In doing so, he has captured the imagination of the former Corbynite left, some of whom have ditched their former Labour allegiances and become paid-up members of the Greens. The commentator and former NS columnist Grace Blakeley announced her defection to the party in order to vote for Polanski in June. This, insiders in his campaign believe, is reflective of wider increases in membership of the party: people have signed up to Green Party membership in order to vote for Polanski. (This mirrors those who took advantage of Labour’s £3 membership deal to vote for Corbyn’s leadership in 2015). “I’m delighted,” Polanski told me, “there’s been a lot of focus on all the new members that have joined to vote for me.” He added: “I’m feeling confident, but not complacent. I will be campaigning until the very last day of voting for every single vote.” (When asked, the Green Party said they would not share membership data during the election campaign.)
Though it was clearly obvious Polanski was on manoeuvres, he did not inform Ramsay of his decision to run. Nor was Chowns aware of her now-opponent’s intentions. The pair stepped forward as candidates shortly after Polanski’s announcement, with Chowns stepping in to run as a co-leader, replacing Carla Denyer, the MP for Bristol Central who has been leading the party alongside Ramsay since 2021. Their campaign has focused on their ability to win first-past-the-post elections, and the pair have made clear the damage they think having a leader sitting outside of parliament would do to the progress the Green party has made. “People really want a professional party that can win elections,” Chowns told me when we spoke over the phone shortly before voting opened. “That’s what Adrian and I are standing for. Members can vote for a leadership who knows how to win elections.”
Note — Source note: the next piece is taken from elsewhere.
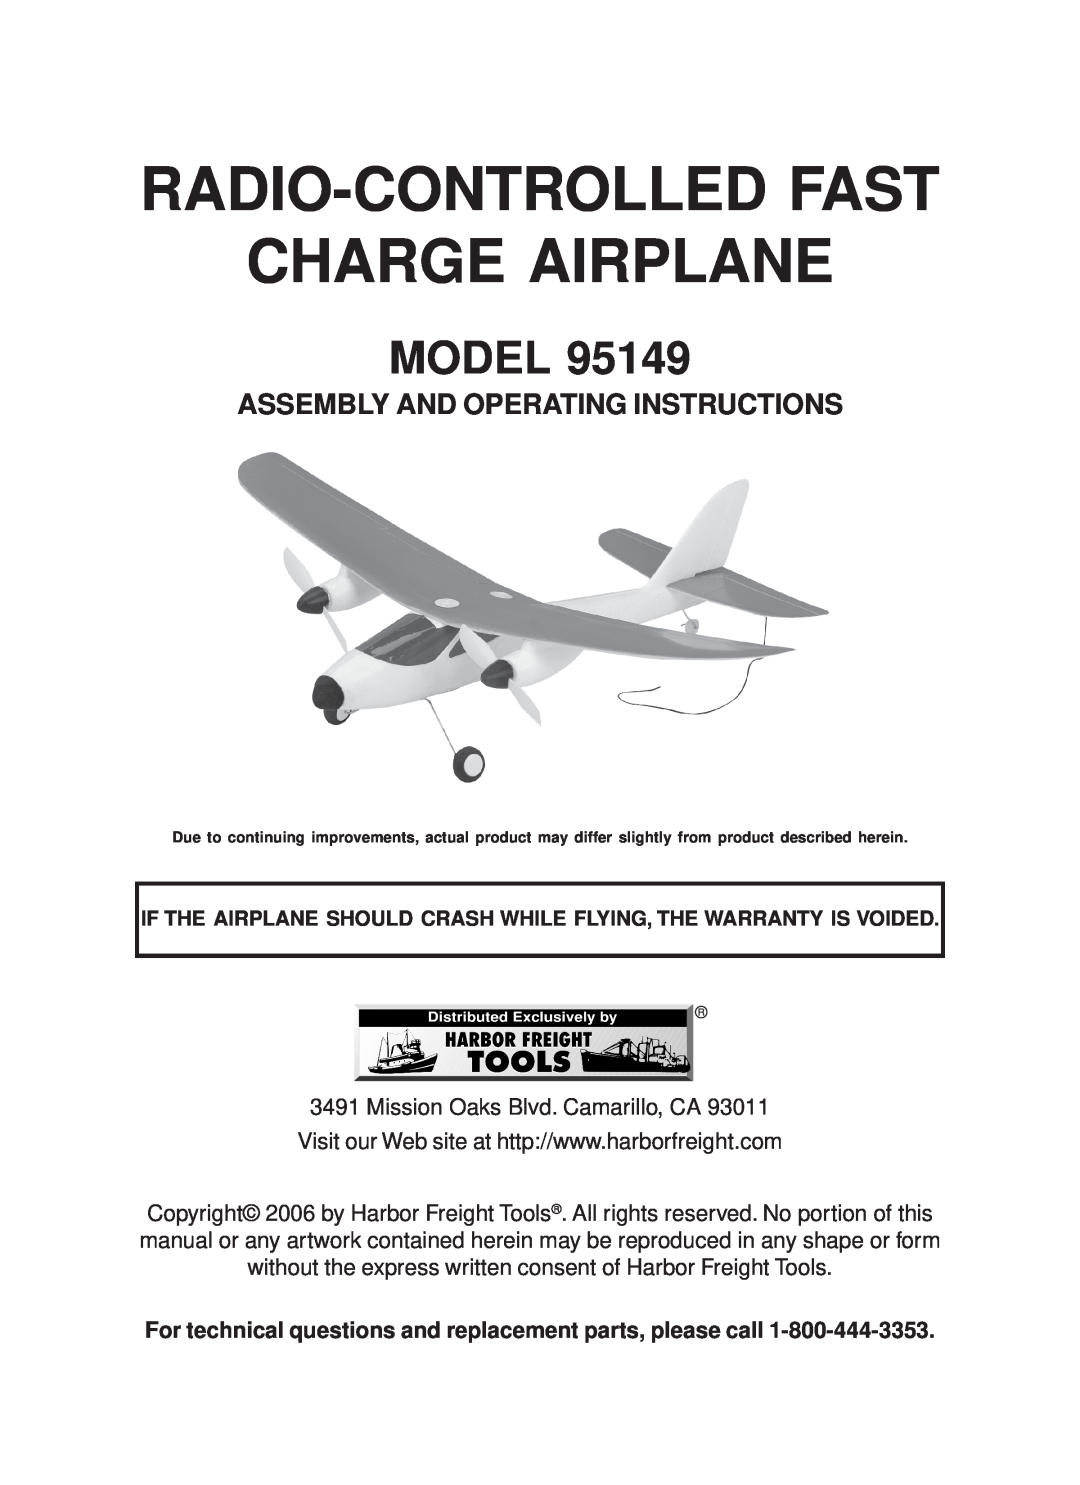 Harbor Freight Tools 95149 warranty Radio-Controlledfast Charge Airplane, Model, Assembly And Operating Instructions

This has been a perennial criticism thrown at Polanski throughout the campaign: that as a London Assembly Member and not an MP, his leadership would provide a stumbling block for the Green Party’s enduring progress. Jenny Jones, a party grandee and former deputy mayor of London, who is backing Ramsay and Chowns told me: “I get on well with Zack, he’s an excellent campaigner.” But she added: “The reason I am voting for [Ramsay and Chowns] is because they are good at getting not only themselves elected, but getting other people elected”.
But this is a moment of flux in British politics. As Labour has moved rightward in order to face-up to the ongoing threat of Reform, it has become more exposed on its left flank. Analysis by Stack Data Strategy and shared with the New Statesman found that Labour is losing more votes to its left than to the right. The founding of Corbyn and Sultana’s party, and the increasing anger and frustration from left-wing voters over Gaza, has provided an opportunity for the Green Party. James Schneider, Corbyn’s former director of strategic communications, said in a recent interview with the New Left Review that Corbyn and Sultana’s party should be open to some form of red-green cooperation. Chowns and Ramsay have all but turned their backs on this idea: “We have a really distinct identity as Greens,” Chowns told me. On the eve of voting opening, they criticised Polanski’s eco-populist platform as “chasing the next headline, the next set of likes, rather than real substance”.
This has been an unprecedented campaign for the Green Party, not least because of the volume of media attention it has courted. But the outcome also bears wider political significance. A party led by Ramsay and Chowns would likely mean business as usual for the Green Party (beefed up local campaigning, and a focus on winning more seats). A victory for Polanski, however, would mark a new era for the party and more widely, for the left. In partnership with a new left party led by Corbyn, the Greens could do some serious damage to Labour’s left flank. In just over four weeks’ time, the future of the Green Party may finally begin to take shape.